The court has repeatedly emphasized the need for uniformity. See Am. Dredging Co. v. Miller, 510 U.S. 443 (1994); Offshore Logistics, Inc. v. Tallentire, 477 U.S. 207 (1986); Kossick v. United Fruit Co., 365 U.S. 731 (1961). Yamaha does not provide that state interests must always trump competing admiralty principles. See In re Amtrak Sunset Ltd. Train Crash in Bayou Canot, Ala. On Sept. 22, 1993, 121 F.3d 1415, 1424-25 (11th. Cir. 1997). Courts have declined to apply a parental immunity doctrine and interspousal immunity. See Szollosy v. Hyatt Com., 396 F. Sup. 2d 147 (D. Conn. 2005); Byrd v. Byrd, 657 F.2d 615 (4th Cir. 1981).2 Assumption of the risk is not a defense in admiralty. See Socony-Vacuum Oil Co. v. Smith, 305 U.S. 424 (1939); Nat'l Marine Serv., Inc. v. Petroleum Serv. Corp., 736 F.2d 272 (5th Cir. 1984).

Plaintiff's guardian's negligence may be asserted as related to foreseeability. See Williams v. BIC Corp., 771 So.2d 441 (Ala. 2000).


The court further notes that:

Striking an affirmative defense is proper only if the defense is "insufficient as a matter of law." Microsoft Corp. v. Jesse's Computers & Repair, Inc., 211 F.R.D. 681, 683 (M.D. Fla. 2002); Fed. R. Civ. P. 12.

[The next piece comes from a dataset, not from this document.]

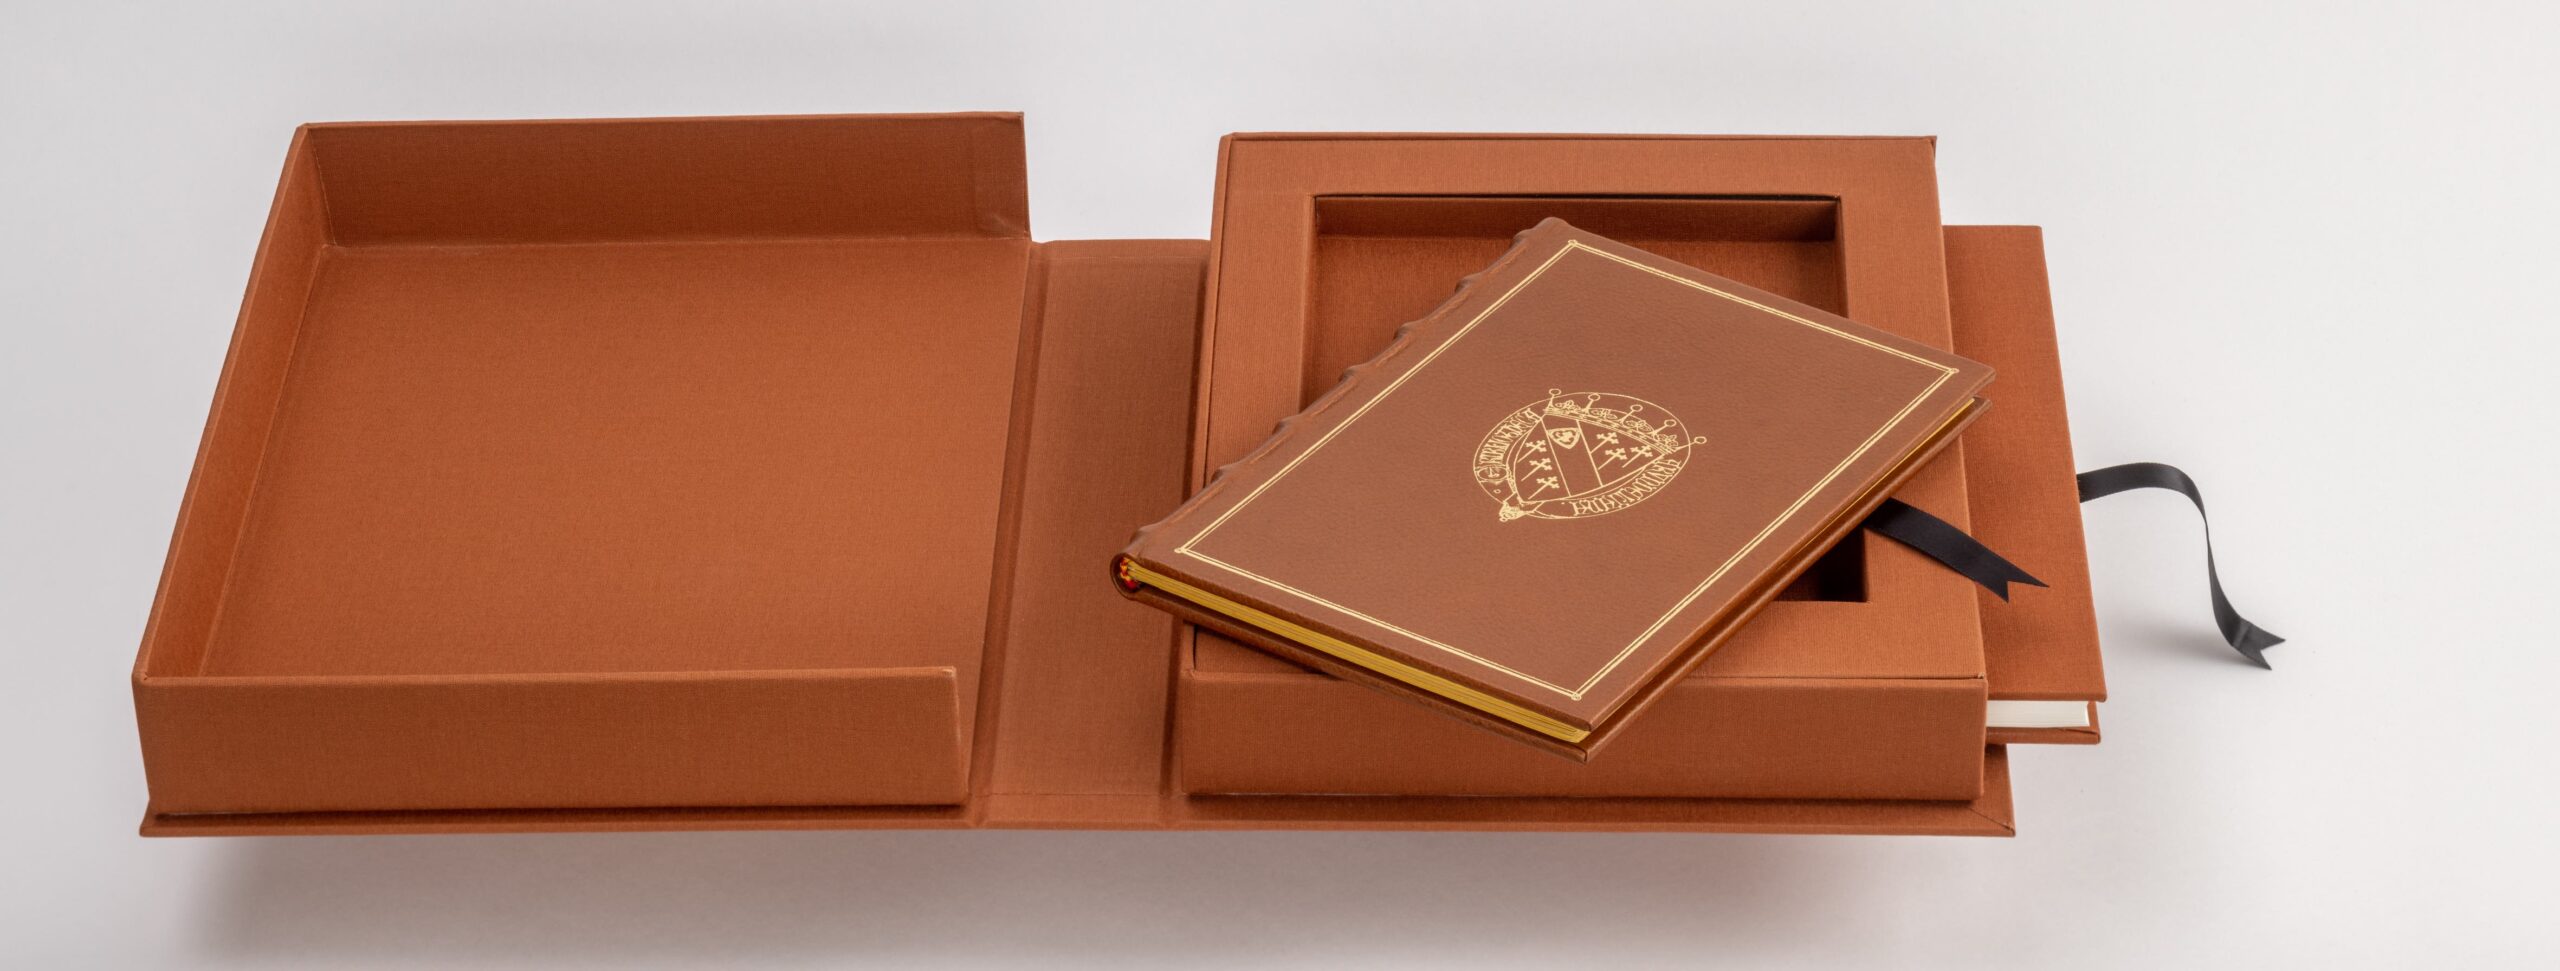 Faksimile-Ausgabe von der Tabula Cebetis mit aufgeschlagener Schmuckkassette. Das Faksimile mit goldgeprägten Ledereinband liegt schräg auf der Kassette.

When a case triggers the court's admiralty jurisdiction, it applies substantive maritime law; however, state law may sometimes still be applicable. See Jerome B. Grubart, Inc. v. Great Lakes Dredge & Dock Co., 513 U.S. 527, 534 (1995); Misener Marine Const., Inc. v. Norfolk Dredging Co., 594 F.3d 832, 837-38 (11th Cir. 2010); Yamaha Motor Corp., U.S.A. v. Calhoun, 516 U.S. 199, 206 (1996); Misener Marine Const., Inc. v. Norfolk Dredging Co., 594 F.3d 832, 839 n. 16 (11th Cir. 2010).

The assumption of the risk defense is not a bar to recovery in admiralty. See Edward Leasing Corp. v. Uhlig & Associates, Inc., 785 F.2d 877, 886 (11th Cir. 1986).

Comparative negligence applies to maritime torts. See Pope & Talbot v. Hawn, 346 U.S. 406, 408-09 (1953).

Alabama law bars the negligence of infants under seven and also bars the imputing to them the negligence of their guardians. See Jones v. Strickland, 77 So. 562, 565 (Ala. 1917); Proctor v. United States, 443 F. Supp. 133, 135 (N.D. Ala. 1977); Nunn v. Whitworth By & Through Whitworth, 545 So. 2d 766, 767 (Ala. 1989).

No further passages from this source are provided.